Kazakhstan Sees Rise In Gross External Debt
The gross external debt of Kazakhstan amounted to $165.4 billion as of the end of September 2016, the National Bank of Kazakhstan reported.
In the structure of external debt, $12.7 billion accounted for external public sector debt and $7.5 billion – banking sector.
Intercompany debt, which includes debt owed to creditors of the affiliated organizations of quasi-public sector, was $90.4 billion on September 30, 2016, or 54.7 percent of GDP, that has increased from the beginning of the year to $8.4 billion.
In the third quarter of 2016, the increase of the intercompany debt by $4.9 billion made a major contribution to the growth of the external debt of the country.
The National Bank reported that the increase is linked with the beginning of the financing the project of future expansion and control wellhead pressure LLP “Tengizchevroil”, as well as the continuation of the North-Caspian and Karachaganak projects.
The increase of external debt index to GDP is due both to the growth of the debt and to a GDP decrease in dollar terms.

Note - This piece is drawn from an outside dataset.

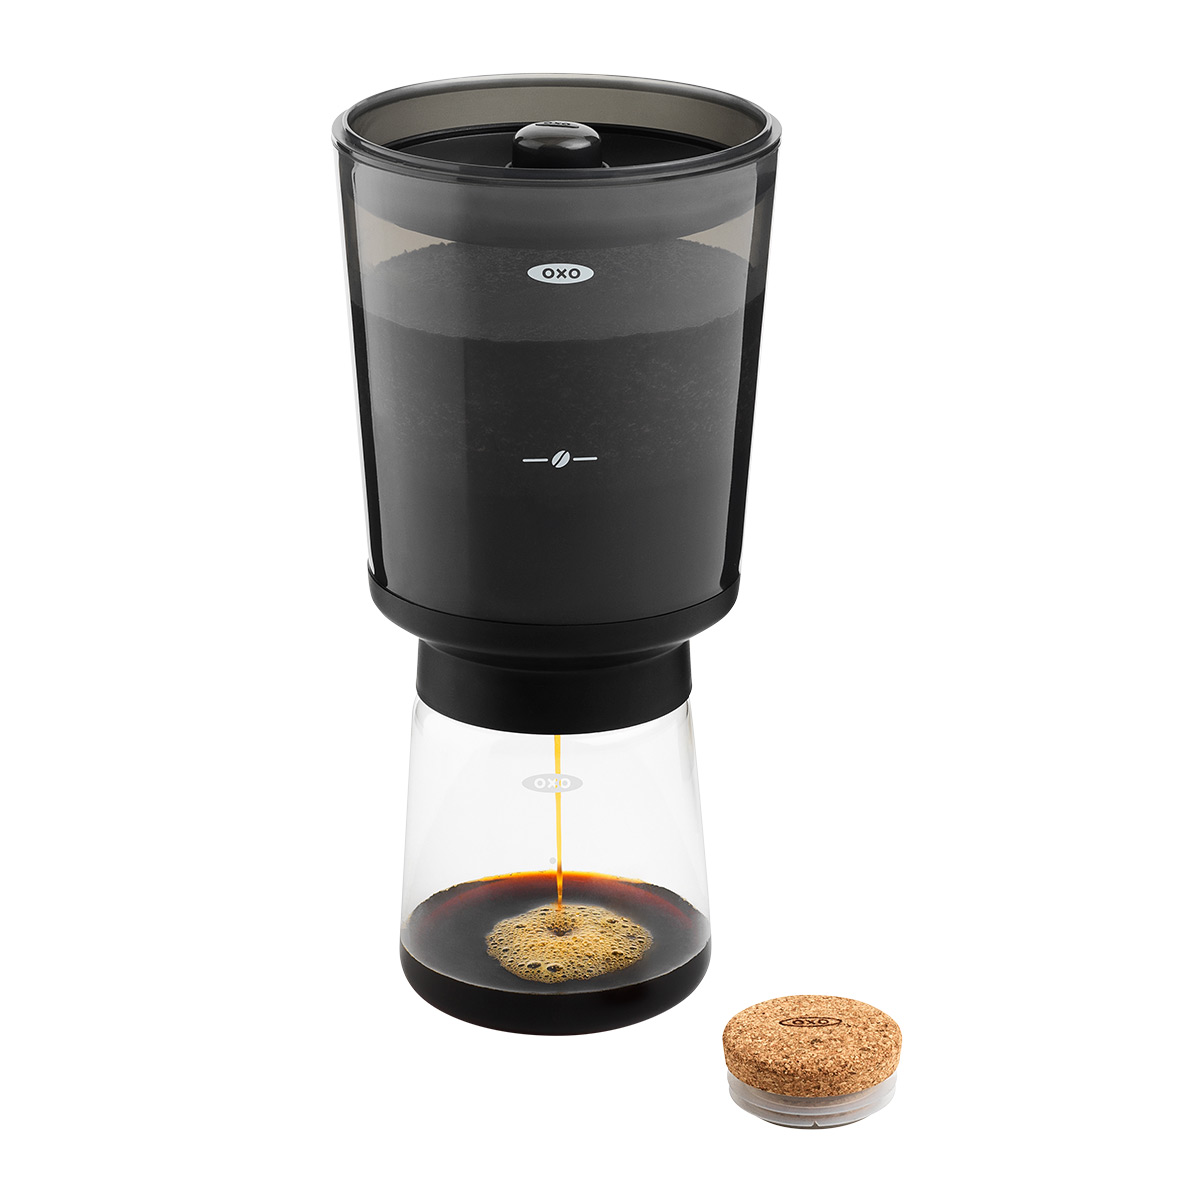 https://www.containerstore.com/catalogimages/427997/10086154-OXO-BREW-Compact-Cold-Brew-.jpg

Estimated GDP, which includes the period from the III quarter of 2015 till the III quarter of 2016 increased by 3.1 percent in KZT (tenge) and decreased by 9.4 percent in dollar terms.
Pure external debt of Kazakhstan as of September 30, 2016, amounted to $36.8 billion, or 27.1 percent of GDP that has increased for the III quarter of 2016 by $1.2 billion or 3.3 percent.
The Kazakh National Bank forecasts inflation rate in the country to decrease to 6.5-7 percent in 2017, and to begin to smoothly enter the target range of 5-7 percent in 2018.
In 2016 inflation rate hit 8.5 percent in Kazakhstan.
Meanwhile, the National Bank forecasts that economic growth in Kazakhstan to accelerate to 2.2 percent in 2017 and to 4.7 percent for the nine months of 2018.
According to the IMF, Kazakhstan’s economy growth in 2016 was positive, 1 percent, reflecting an increase in oil production and supportive policies, notably Nurly Zhol state program, which provided funding for infrastructure, SMEs, and housing.